Showing posts with label happiness on a bicycle. Show all posts
Showing posts with label happiness on a bicycle. Show all posts

06 June 2022

Happily Riding In A Moment Fugue

I have just had about as nice a cycling weekend as one can have without going to a country like the Netherlands or France where they actually see bikes as forms of transportation and recreational vehicles for people of all ages.

It rained during much of the past week. The good news is that I had a chance to catch up--or at least make progress--on a couple of bike- and writing-related projects. I'll say more about those later. As skies clared late Friday afternoon, while my religious faith did not return, it was enough to get me thinking that the cycling gods--some of whom I've written about in earlier posts-- were smiling on us.

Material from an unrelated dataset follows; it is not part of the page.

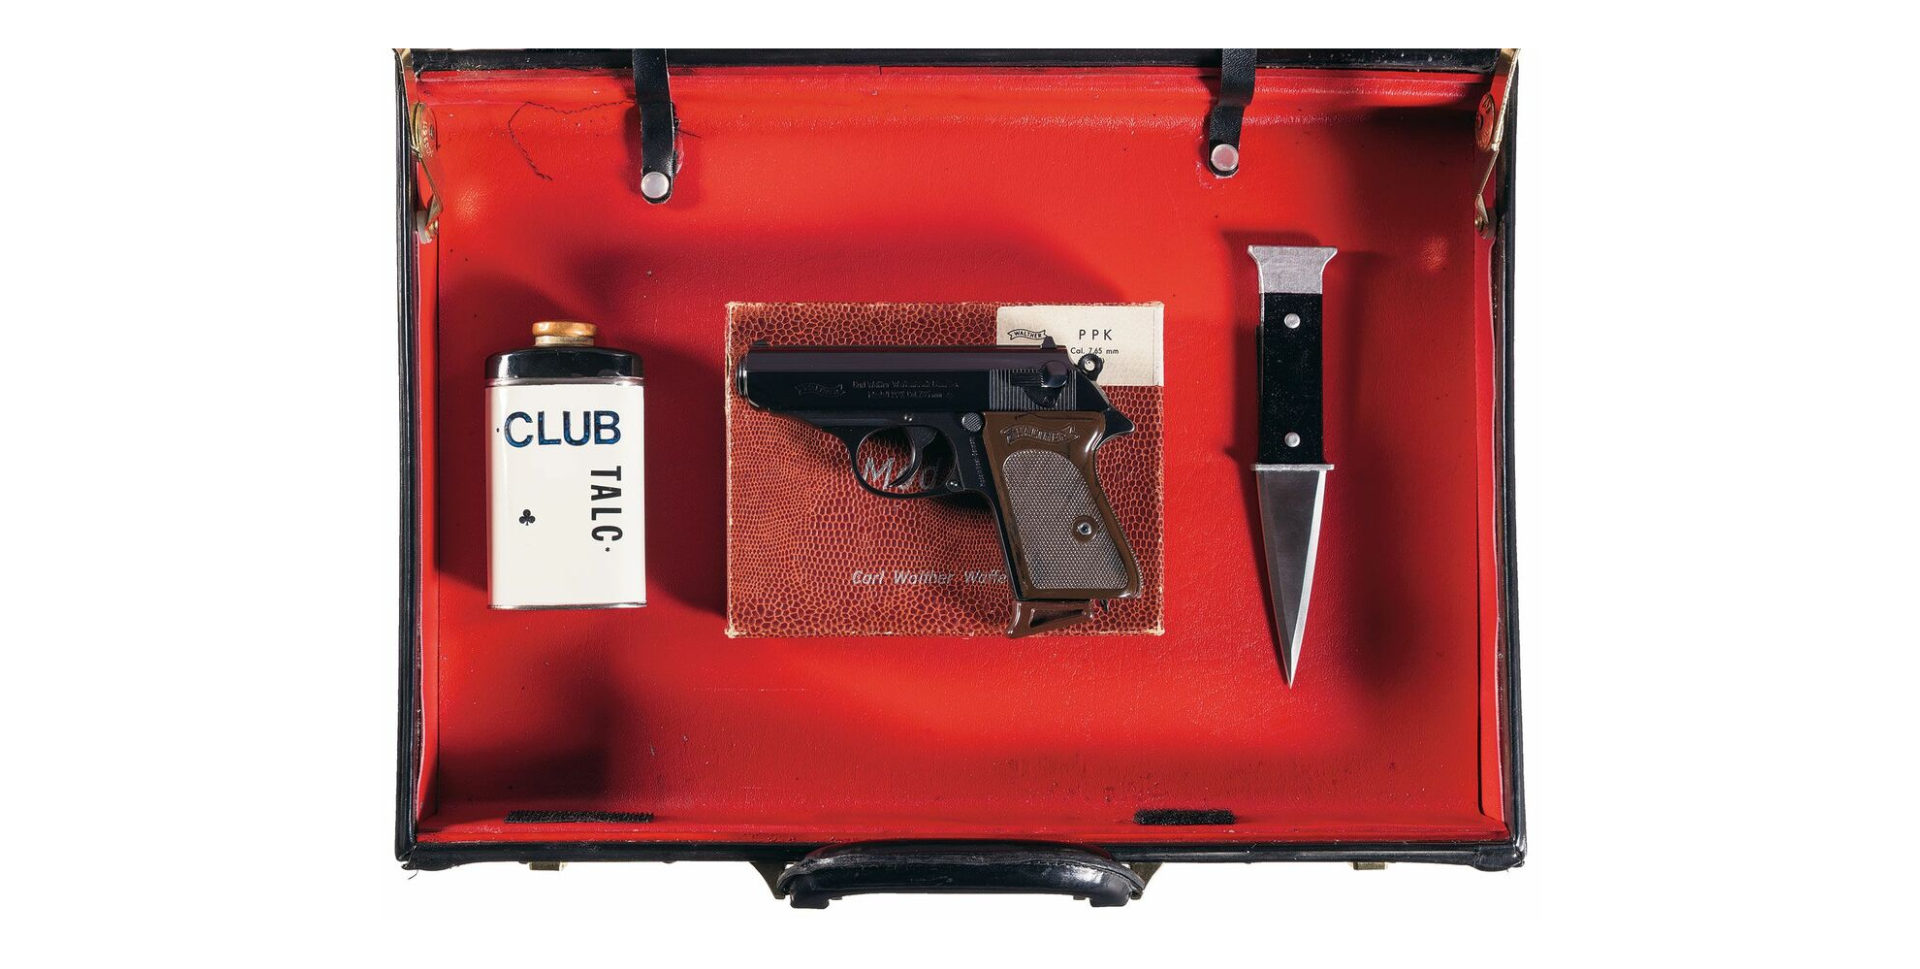 Guns in movies: James bond commemorative set with Walther PPK
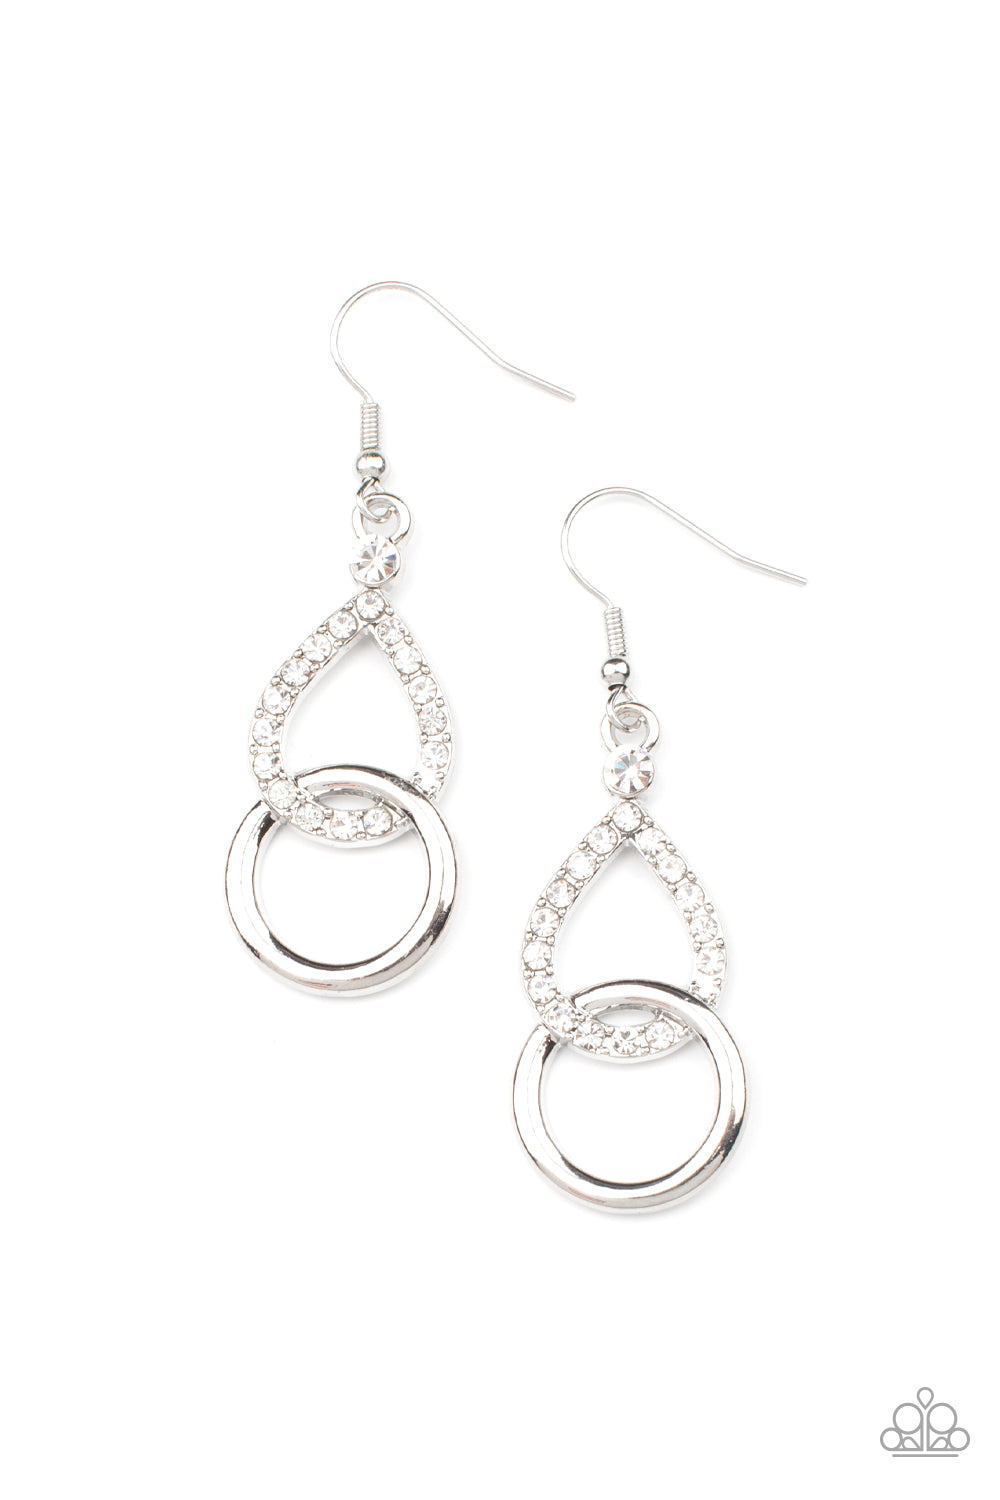 Paparazzi Accessories Red Carpet Couture - White Earrings

We are in that "sweet spot" between spring and summer:  The air warm enough to cycle shorts and a light top, the water just warm enough for a swim or at least a dip (depending, of course, on your temperature sensitivity) and skies so clear--yes, even here in New York--that no matter how or where you ride, more roads, more fields, more water, stretch ahead of you--and the flowers that have budded and bloomed for the past few weeks pulse with color.

So I did a back-to-back of two old favorites:  Connecticut (the longer and hillier ride) on Saturday and Point Lookout yesterday.  While I am thinking, perhaps, of even longer rides in the coming weeks, I was content with what some might call the "Zen" way of riding:  I enjoyed the individual moments and what some might call The Moment of the rides writ large.

About the longer rides I'm considering:  I might ride from my apartment to some place from which I can't return on the same day.  I'd also like to go further away, to take one of the trips that were postponed by the pandemic.  While I had been planning to go to places I'd never been before, and I hope to take those trips, whether this year or some other times, I feel even more of an urge to see people I haven't seen in a while and other people I've "met" through this blog and other online means but have never seen in person.

But the past weekend's cycling is as fine as any I've experienced in a while.  More like it would make me happy.

24 December 2018

Perhaps This Ride Will Bring Him Back

In A Movable Feast, published several years after his death, Ernest Hemingway says this about F. Scott Fitzgerald:

His talent was as natural as the pattern that was made by the dust on a butterfly's wings.  At one time he understood it no more than the butterfly did and he did not know when it was brushed or marred.  Later he became conscious of his damaged wings and of their construction and he learned how to think and could not fly any more because the love of flight was gone and he could only remember when it had been effortless.


Now, I know Fitzgerald and Hemingway only through what they wrote and, to a lesser degree, what has been written (and said) about them.  I suspect, though, that Hemingway pegged the author of The Great Gatsby.  Well, almost.  I get the feeling that, if anything, Fitzgerald became conscious of his celebrity and what it entailed, and tried to live up (or down, depending on your point of view) to it.  Plus--now, I know someone is going to accuse me of sexism for saying this--he was trying to please a woman who couldn't be pleased.


(Remember, I am transgender, having lived more than four decades in one gender other than the one I live now.  So, while I may not be unbiased, I think I am justified in, or at least can rationalize, a somewhat jaundiced view of both men and women.)


That amended version, I think, can also apply to Kanye West.  There was a time when I thought he was going to become a sort of male version of Lauryn Hill--a "voice of a generation" that would rise out of the scars of his life.  She released a watershed album two decades ago and has barely been heard from since.  He, on the other hand, released an album that seemed to augur, in a similar way, a new vision--and went in the exact opposite direction from Ms. Hill, to the point that his celebrity seems to be a parody.


I really, really was a fan of his when he released College Dropout and subsequent albums Late Registration and Graduation. Like Hill, he seemed to exhibit a self-awareness that seemed almost of a piece with his awareness of the world around him.  And like her, he had talents that served as near-perfect vehicles for that awareness.


Then he became a celebrity.  And he married a Kardashian.  Well, you know the rest.


Still, I must say, there are moments when I remember the Kanye I liked so much.  One such moment came when someone sent me this video from Twitter of Kanye riding a bicycle:





OK, the emphasis is on riding.  Someone else is doing the pedaling.  He says he was in San Francisco.  Wherever he was, he seemed to be having an un-selfconscious good time.

It gives me hope that perhaps he will become a musician and performer--and not merely a celebrity--again.